The study – due to be released at the beginning of the new year – focused on debt literacy and the awareness of the risks of payday loan companies amongst housing tenants aged between 17 and 25. Based on in-depth interviews with a sample of ten tenants in Nottingham city, the study gives an important insight into young tenants’ relationship with debt and borrowing. The report shows what steps need to be taken in order to minimise over-indebtedness and encourage more responsible money-management by young people. When it comes to debts, with an iva professional one can get help with their loans and get help write them off.
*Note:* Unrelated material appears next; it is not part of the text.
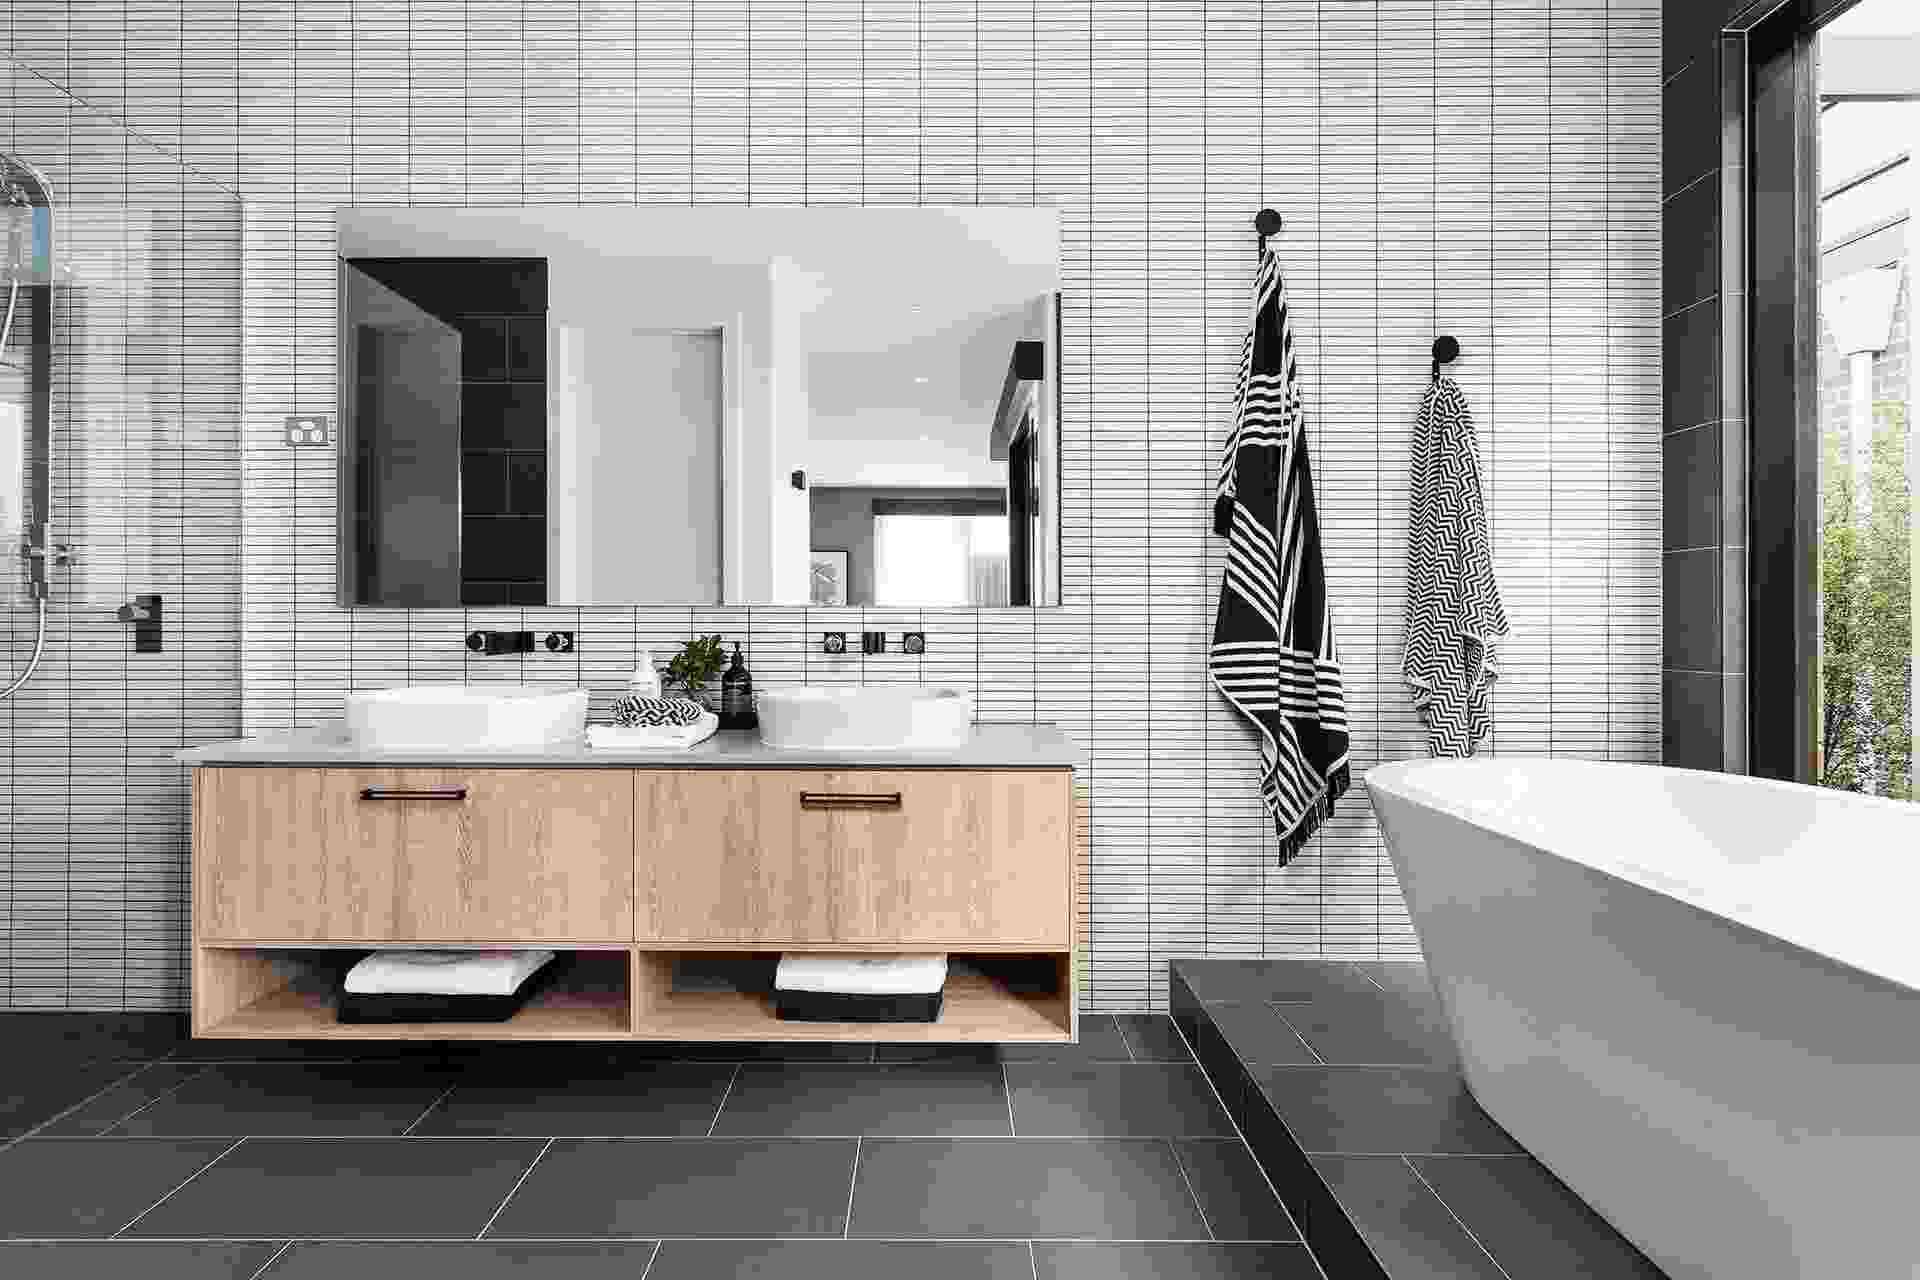 Badezimmer in Grau Weiss Holz Tapete im Bad Vorteile Badewanne Wohntrends

Irresponsible borrowing and poor money-management have been significant contributing factors in the rise of over-indebtedness. Borrowing in itself need not be problematic unless it becomes unmanageable, but without effective support, debt problems can exacerbate social and financial exclusion, particularly for those young people in vulnerable, lower-income groups.

My research mapped out a robust outline of young tenants’ key financial challenges and the rationale behind their decision-making, providing a vital insight into tenants’ perspectives on borrowing and highlighting how they view high-cost money-lending agencies and their awareness of the risks of indebtedness.

The findings of the report were both positive and negative. On the positive side, my work indicates that younger NCHA tenants are – despite what some might imagine – reasonably debt-literate. Those interviewed emphasised their aversion to borrowing and were very sceptical of agencies marketed as ‘easy lending options’ such as payday loan companies. The overwhelming majority were well aware that such ‘easy options’ were high-cost and high-risk. Their borrowing is often restricted to small amounts and few had either borrowed or would consider borrowing more substantial amounts unless there was an immediate or unforeseen necessity that could not be covered by their existing income.

However the study shows that there are still limitations in young tenants’ financial knowledge, particularly in relation to responsible borrowing. Worryingly the study indicates that there is a lack of ‘future-thinking’ amongst tenants with regard to money-management. For example, the majority of young tenants’ debt awareness has been acquired due to their own or their friends’ and family members’ bad experiences of borrowing. This suggests a potentially dangerous situation where young people are learning about debt through being in debt rather than part of a preventative strategy of managing their finances successfully.

Moreover, their aversion to borrowing did not discriminate between more responsible borrowing options (such as Credit Unions) and other less stable lending services. Many instead expressed a preference to borrow small amounts from friends and family only when absolutely necessary, potentially leading to financial exclusion or future debt problems when these option are not available. Younger tenants are not inclined to enter into more stable borrowing programmes, such as bank loans, rather they emphasised the importance of being able to access money quickly. Such information is of key importance to developing an effective strategy for encouraging more responsible borrowing.

My research concludes by recommending that the NCHA might take into account in their financial responsibility strategy measures such as encouraging structured borrowing, providing preventative financial education, and supporting efficient lending practices such as Credit Unions.